The youngster turned down Wales to pledge his international future to Australia. pim-verbeek
The 20-year-old, who has a Welsh grandfather, has played 10 times for the Wales under-21 side but is yet to kick a ball for the senior line-up despite being called into the squad several times.

Williams had recently threatened to commit to Wales after being overlooked for the Socceroos but Verbeek, who is in Europe keeping tabs on Australia’s overseas-based players, has convinced the versatile defender to pursue his dream of playing for Australia.

Williams’ fate now lies with FIFA’s transfer committee but if he gets the rubber stamp he could be eligible to be selected for Australia’s World Cup qualifier in Qatar on June 6.

“Rhys has informed us that he wants now to play for Australia,” Wales spokesman Ceri Stennett said of Williams, who can play in central defence or at right back.

“The wheels are now in motion, and a decision will be made by FIFA’s transfer committee.

“But it looks like a fait accompli now.”

Williams, who left Australia at 16 to become a trainee at Middlesborough, made a name for himself this season on loan at promotion-chasing Championship club Burnley.

He impressed in 17 appearances with the club before being forced to return to Middlesborough before the promotion playoffs after failing to have his loan deal extended.

Burnley will face Reading on Wednesday morning (AEST) for a place in the promotion playoff final against Sheffield United.
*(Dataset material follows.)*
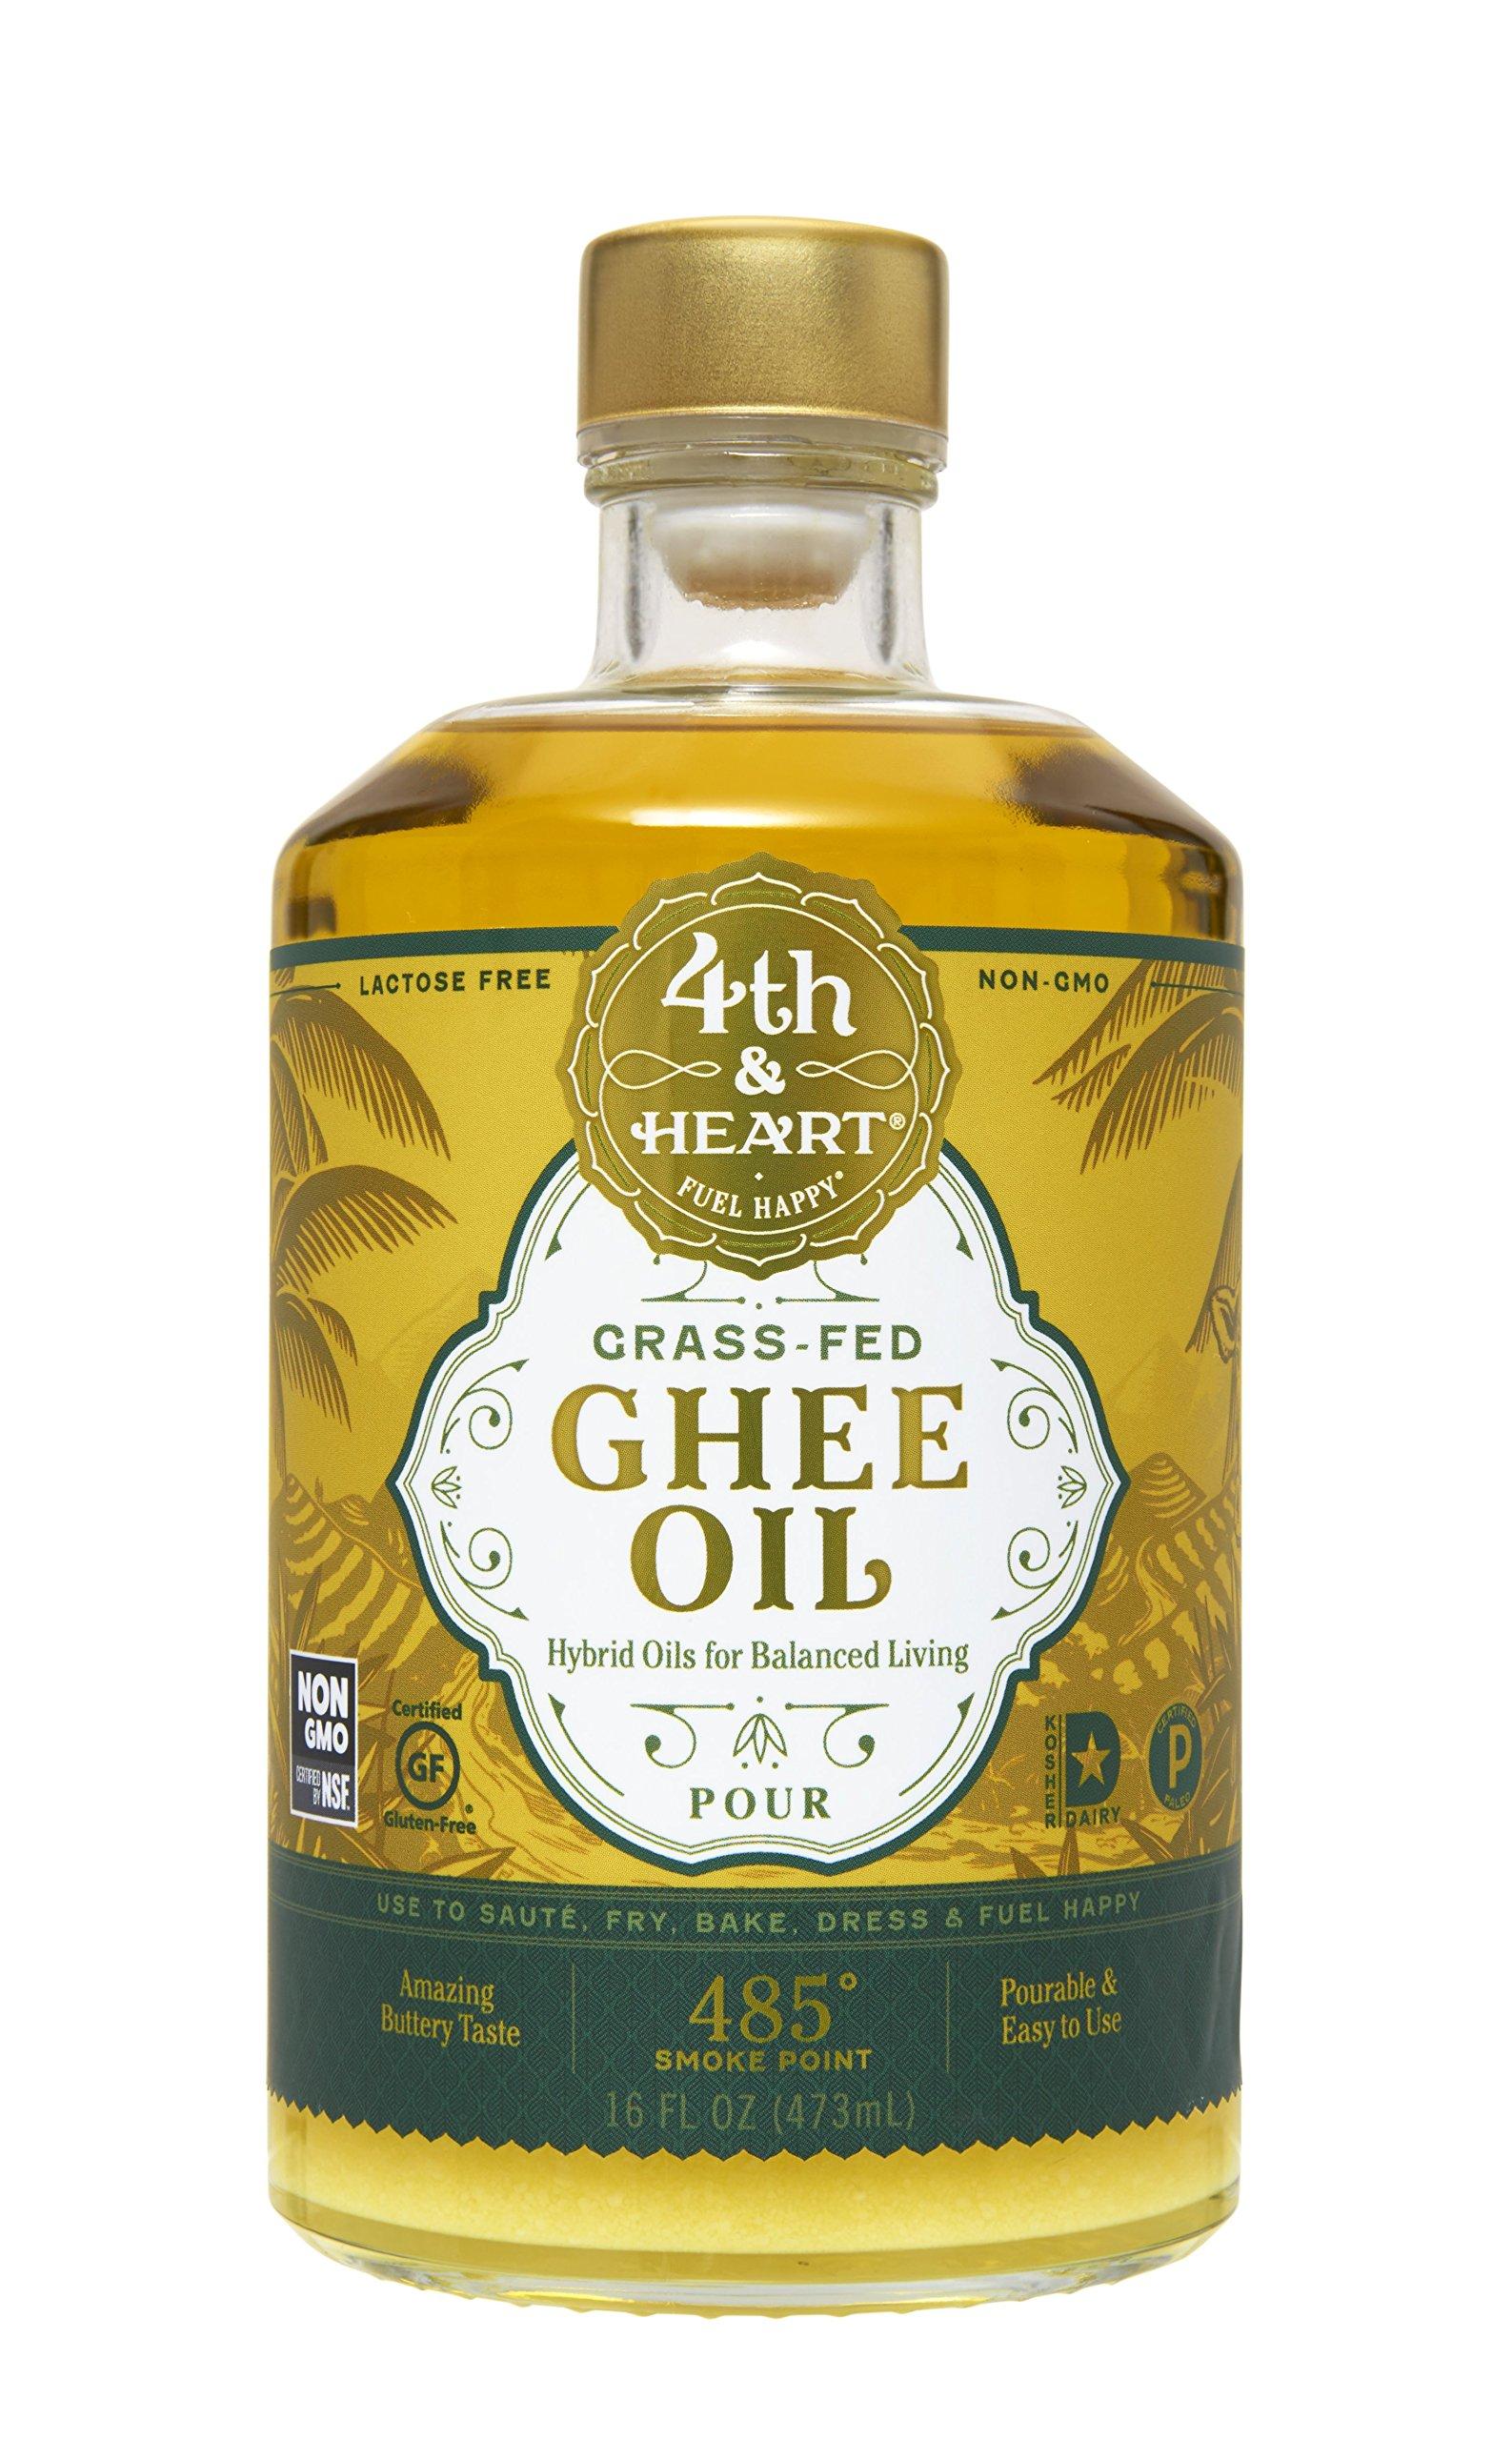 Grass-Fed Ghee Oil by 4th & Heart, 16oz, Non-GMO Verified Hybrid Oil, Balanced Omega Fatty Acids, Paleo Approved, Keto-Friendly

Williams was not in Middlesbrough’s squad for Tuesday’s 3-1 loss to Newcastle, which consigned them to almost certain relegation, but he could feature in their final two games of the season.

His displays for the Middlesbrough reserves prior to joining Burnley earned him a contract extension with the club until June 2011 and also attracted the attention of Welsh under 21s coach Brian Flynn.

Williams first forced himself into the senior Wales set-up for last September’s qualifier against Azerbaijan but was yet to make his senior debut which, under FIFA regulations, would have meant he could not play for Australia.

His manager Gary Williams said in March the player saw his future with Wales because he had not had contact from anyone else, but hinted he was still interested in playing for Australia.

Wales said they would not be hurried into giving him a cap just to ensure he he was tied to them and, with his 21st birthday looming, Verbeek has now convinced Williams he has a future with the Socceroos.